We expect the Bank of England to cut the Bank Rate to 4.00% on Thursday 7 August in line with consensus and market pricing. We expect the vote split to be 6-3 with the majority voting for a 25bp cut and Greene, Mann, Pill voting for an unchanged decision. Note, this meeting includes updated projections and a press conference following the release of the statement.
Overall, we expect the BoE to stick to its previous guidance repeating that a “gradual and careful approach to removing monetary policy restraint remains appropriate”. Since the last meeting in June, data has been a mixed bag. Growth has surprised to the downside with the economy contracting by 0.3% m/m in April and 0.1% m/m in May, on course to undershoot the BoE projections for Q2 2025 of 0.25%. The labour market has shown more pronounced signs of cooling with private sector regular wage growth at 4.9% 3M/YoY in May, lower than the BoE’s projections of 5.2% but remains at elevated levels. Similarly, payrolls have dropped the past months, and the unemployment rate has edged higher to 4.7%. On the other hand, inflation has been stronger than expected and inflation expectations have risen. Headline inflation rose to 3.6% y/y in June with food prices delivering the relative biggest overshoot compared to the MPC’s forecast. On the back of this, we think the MPC is likely to lift the near-term projection for inflation slightly.
BoE call. We expect the BoE to stick to quarterly cuts, leaving the Bank Rate at 3.75% by YE 2025, which is aligned with market pricing. However, we expect the cutting cycle to extend throughout 2026 leaving the Bank Rate at 2.75%. This is more dovish than markets, which prices a bottom of 3.50% a year from now.
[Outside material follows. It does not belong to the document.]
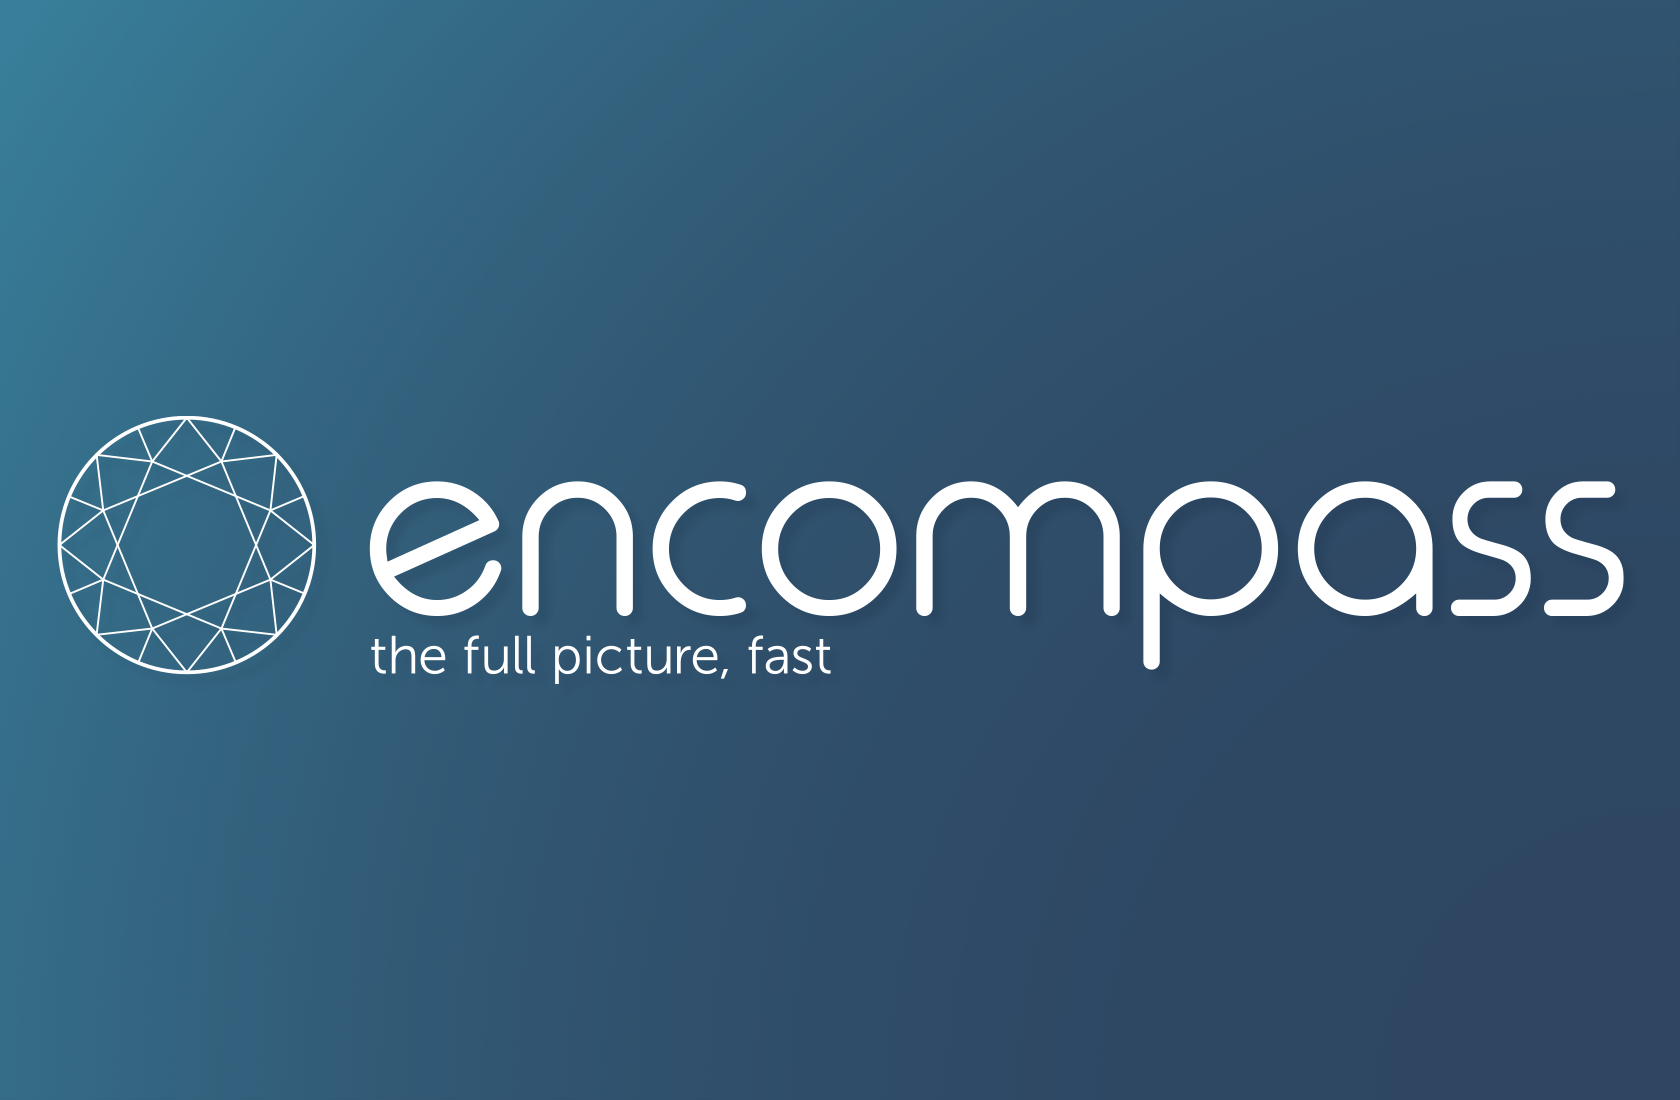 Encompass Corporation Appoints Cyndi Festa as Head of Data Sourcing

Market reaction. We expect a muted market reaction as we expect the BoE to refrain from altering its current guidance. More broadly, we stay negative on GBP. An investment environment characterised by elevated uncertainty and a positive correlation to a USD negative environment, in our view, favours a weaker GBP. Tentative signs of a weaker growth outlook for the UK economy also acts as a headwind for GBP. We therefore expect EUR/GBP to move higher towards 0.89 on a 6-12-month horizon.